Significance. If the taxonomy is comprehensive and the asymmetry observation is representative of the literature, the survey supplies a unified technical roadmap that can orient both researchers and practitioners working on context-aware AI systems. The explicit identification of the understanding-generation gap, grounded in the reviewed body of work, offers a clear focal point for subsequent efforts to balance LLM capabilities.

major comments (2)

[research gap / concluding section] The section discussing the research gap and future priorities: the claim that current models exhibit 'pronounced limitations in generating equally sophisticated, long-form outputs' is presented as emerging directly from the literature synthesis, yet the manuscript does not aggregate or cite specific quantitative benchmarks (e.g., performance deltas on long-form generation tasks versus context-understanding tasks) that would make the asymmetry diagnosis more concrete and testable.
[introduction / methodology overview] The description of the paper-selection process (implicit in the >1400-paper claim): without an explicit statement of search strategy, inclusion/exclusion criteria, or coverage across sub-areas (e.g., proportion of papers on generation versus retrieval), the representativeness of the synthesis—and therefore the robustness of the asymmetry diagnosis—remains difficult to evaluate.

minor comments (3)

[taxonomy section] The taxonomy diagram (if present) or its textual description would benefit from explicit labels or arrows clarifying the data-flow relationships among the three foundational components and the three system-level integrations.
[throughout] Terminology consistency: 'context retrieval and generation' is sometimes written with a slash and sometimes as separate items; standardize phrasing across sections for readability.
[references] A small number of citations appear to be repeated or listed without distinguishing primary from secondary sources; a brief note on citation selection criteria would help.

Simulated Author's Rebuttal

2 responses · 0 unresolved

We thank the referee for the constructive feedback on our survey. We agree that both points raised can strengthen the manuscript and will incorporate revisions to address them explicitly. The changes will enhance transparency without altering the core contributions or taxonomy.

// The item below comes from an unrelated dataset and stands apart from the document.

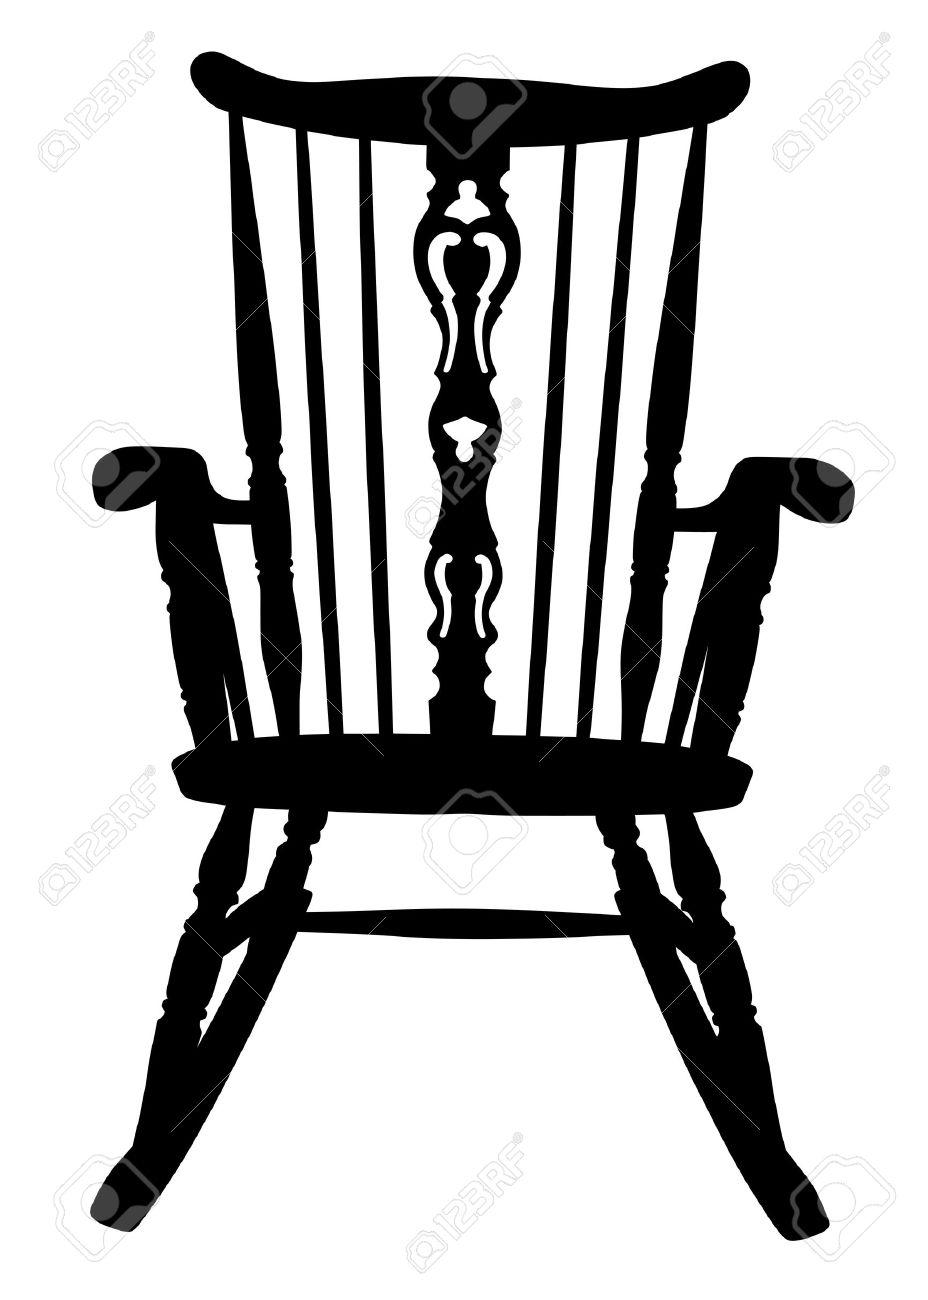 Rocking Chair Vector - Rocking chair vintage rocking chair stencil

read point-by-point responses

Referee: [research gap / concluding section] The section discussing the research gap and future priorities: the claim that current models exhibit 'pronounced limitations in generating equally sophisticated, long-form outputs' is presented as emerging directly from the literature synthesis, yet the manuscript does not aggregate or cite specific quantitative benchmarks (e.g., performance deltas on long-form generation tasks versus context-understanding tasks) that would make the asymmetry diagnosis more concrete and testable.

Authors: We appreciate this suggestion. The asymmetry observation synthesizes patterns across the reviewed works, where context-understanding benchmarks (e.g., long-context QA and retrieval) consistently show high performance while long-form generation tasks reveal coherence and consistency challenges. In revision, we will expand the concluding section with targeted citations to representative benchmarks, including performance deltas from papers on Needle-in-a-Haystack tests versus long-form writing or summarization evaluations. This will make the claim more concrete and testable while remaining within survey scope. revision: yes
Referee: [introduction / methodology overview] The description of the paper-selection process (implicit in the >1400-paper claim): without an explicit statement of search strategy, inclusion/exclusion criteria, or coverage across sub-areas (e.g., proportion of papers on generation versus retrieval), the representativeness of the synthesis—and therefore the robustness of the asymmetry diagnosis—remains difficult to evaluate.

Authors: We agree that an explicit methodology description will improve evaluability. We will add a dedicated 'Survey Methodology' subsection (or appendix) detailing the search strategy (keywords across arXiv, ACL, and NeurIPS from 2018–2024), inclusion/exclusion criteria (peer-reviewed empirical or technical papers on context techniques), and approximate coverage breakdowns by category (retrieval, processing, management, and integrated systems). This addition will directly support assessment of the synthesis. revision: yes

Circularity Check

0 steps flagged

No significant circularity

full rationale

This survey synthesizes over 1400 prior works into a taxonomy of context retrieval, processing, management, and system integrations such as RAG and multi-agent setups. The claimed asymmetry between strong context understanding and weaker long-form generation is presented as an observational conclusion from that literature review, with no equations, fitted parameters, formal derivations, or predictions that reduce to the paper's own inputs by construction. All load-bearing steps are descriptive summaries of external research; no self-citation chains or ansatzes are invoked to force the central gap diagnosis.

Axiom & Free-Parameter Ledger

0 free parameters · 0 axioms · 0 invented entities

As a survey paper the central claims rest on the completeness and representativeness of the reviewed literature; no new free parameters, axioms, or invented entities are introduced.

pith-pipeline@v0.9.0 · 5546 in / 1179 out tokens · 34343 ms · 2026-05-13T20:54:26.041174+00:00 · methodology

discussion (0)

Forward citations

Cited by 26 Pith papers

Reviewed papers in the Pith corpus that reference this work. Sorted by Pith novelty score.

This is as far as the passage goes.